Professor Steve Turner, president of the Royal College of paediatrics and Child Health, echoed these sentiments, saying: ‘As paediatricians we continue to call for greater ambition to tackle child poverty, which has untold harms on the health and wellbeing of children. This ambition must include scrapping the two-child limit, which continues to push many families into hardship.’
He added: ‘Knowing that investment in child health services lags behind adult services, a successful shift requires the health system to allocate this funding equitably between them. This is also true in the devolved nations where we hope today’s allocations will be used to support children’s health.’
Support the NHS clinician workforce
Dr Katharine Halliday, president of the Royal College of Radiologists, commented that the significant funding boost announced in the spending review would help to revitalise and futureproof the health service, but she highlighted concerns over support for the workforce.
‘We hope to see this reduce agonising waiting times for patients and relieve pressure on hardworking staff. The continued investment in scanners and other essential equipment is a positive step towards this goal. Its success depends on recruiting, training and retaining the diagnostic and cancer workforce, which faces a severe shortage of doctors,’ she said.
‘We welcome efforts to cut spending on temporary staffing, but this must be matched by more permanent roles for doctors who spend years training to work in our NHS – and that means scrapping illogical recruitment freezes for radiologists and oncologists.’
The Royal College of Surgeons of England (RCS England) has said the spending review failed to sufficiently address the urgent need for capital investment to modernise surgical theatres and hospital infrastructure.
Professor Vivien Lees, RCS England vice president, said: ‘Every delayed operation is a patient left waiting in pain, or with loss of function. While the Government’s spending review offers a welcome day-to-day funding boost for the NHS, it falls short of what is needed to meet ambitious waiting time targets, and get back to providing timely care to patients.

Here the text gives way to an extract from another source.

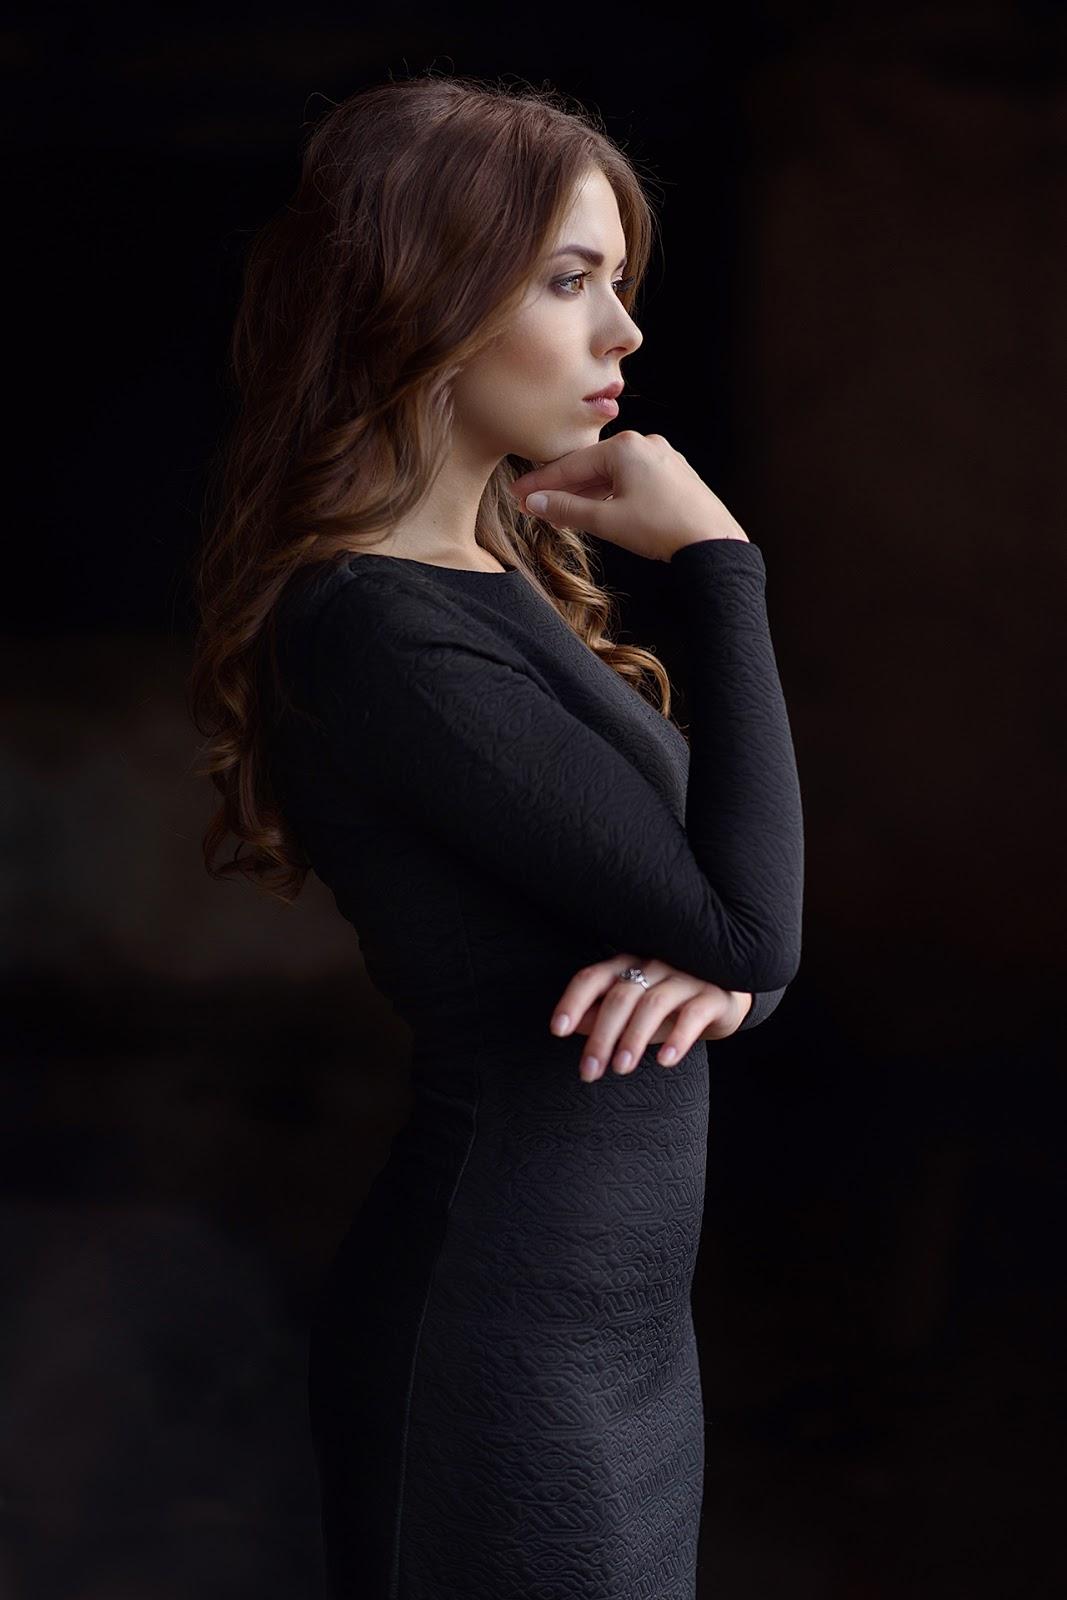 Дарья. Портретная фотосессия

‘It is disappointing capital funding for the NHS will remain flat for the next three years. The forthcoming 10 Year Infrastructure Strategy must outline how the Government will improve investment in NHS infrastructure. Otherwise, surgeons will continue to work in outdated theatres and crumbling buildings that hamper their ability daily to get on with the job of treating patients. You can’t deliver 21st-century care in 20th-century facilities.’
In the meantime, attention inevitably now turns to the imminent 10 Year Health Plan and NHS Long Term Workforce Plan refresh in the autumn, which healthcare leaders say must set out robust plans to meet growing demand for NHS resources and prioritise workforce retention.